Дело было поставлено просто и не афишировалось. Хозяин салуна мистер Халем держал на втором этаже три комнаты для приезжих и сдавал их девицам ровно на две недели. По истечении этого срока приезжала новая смена девиц. Сам мистер Халем в предприятии не участвовал. Заяви он, что ничего не знает, он бы не слишком покривил душой. Просто за эти три комнаты он получал в пять раз больше обычного. А набирал, поставлял, доставлял, укрощал и обирал девиц некий сводник по фамилии Эдвардс, живший в Бостоне. Его подопечные совершали неторопливое турне по провинции, нигде не задерживаясь дольше двух недель. Такая система прекрасно себя оправдывала. Своим коротким пребыванием в каждом городке девицы не успевали вызвать недовольство местного общества или полиции. Большую часть времени они проводили у себя в номерах и на людях старались не появляться. Им было под страхом порки и мордобоя запрещено напиваться, скандалить и влюбляться. Завтраки, обеды и ужины подавали в номера, а всех клиентов тщательно проверяли. Пьяных не пускали наверх ни под каким видом. Раз в полгода каждая девица получала месячный отпуск, чтобы попьянствовать и подебоширить за милую душу. Но посмей она нарушить установленные порядки на работе, мистер Эдвардс лично сдирал с нее платье, затыкал ей рот тряпкой и порол кнутом до полусмерти. Если же она давала себе волю еще раз, то попадала в тюрьму по обвинению в бродяжничестве и проституции.

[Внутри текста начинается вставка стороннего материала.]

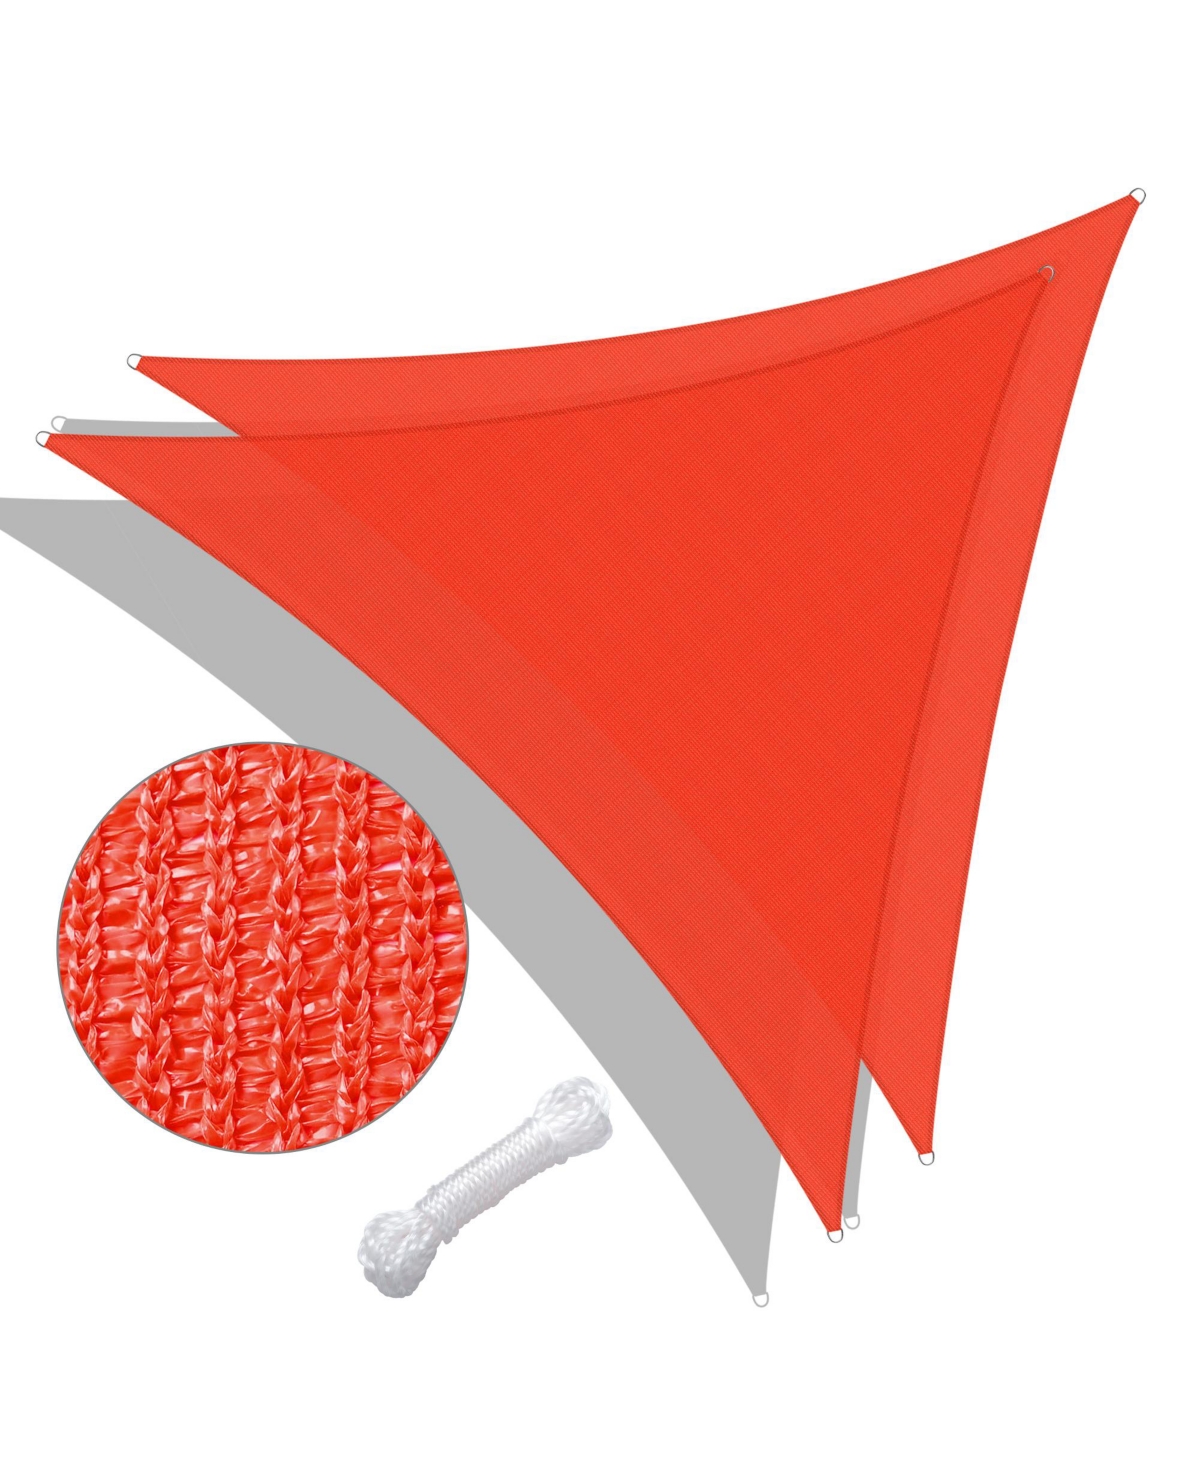 2 Pack 25 Ft 97% Uv Block Triangle Sun Shade Sail Canopy Outdoor Pool Cover Net - Watermelon red

Двухнедельные гастроли имели и другие преимущества. Многие девицы были больны, но, как правило, уезжали прежде, чем их подарок окончательно вызревал в клиенте. И мужчине было не на кого лезть с кулаками. Мистер Халем знать ничего не знал, а мистер Эдвардс никогда не распространялся о своей профессии. Эти турне были для него весьма выгодное дельце.

Девицы очень походили одна на другую — все они были здоровенные, крепкие, ленивые и глупые. Разницы между ними мужчина почти не ощущал. Карл Траск завел обыкновение наведываться в салун минимум два раза в месяц: он проскальзывал на второй этаж, быстро делал свое дело, потом возвращался в бар и слегка закладывал за воротник.

В доме Трасков и прежде было не больно-то весело, но когда в нем остался один Карл, дом, уныло поскрипывая, словно гнил на корню. Кружевные занавески посерели, полы, хотя Карл их подметал, вечно были липкие и от них несло затхлостью. Вся кухня — даже окна — от жира сковородок будто покрылась лаком. И первая, и вторая жена Сайруса в свое время отражали натиск грязи бесконечными уборками и раз в два года отскребали полы и стены ножом. А Карл в лучшем случае смахивал пыль. Простыни он себе больше не стелил и спал прямо на матрасе под голым одеялом. Какой смысл наводить чистоту, когда оценить ее некому? Да и сам он мылся и переодевался в чистое только в те вечера, когда ходил в салун.

Засевшее в нем непонятное беспокойство каждый день поднимало его на заре. Не находя выхода своему одиночеству, он работал на ферме как вол. Возвращаясь домой, что-нибудь жарил и, набив живот, тупо валился спать.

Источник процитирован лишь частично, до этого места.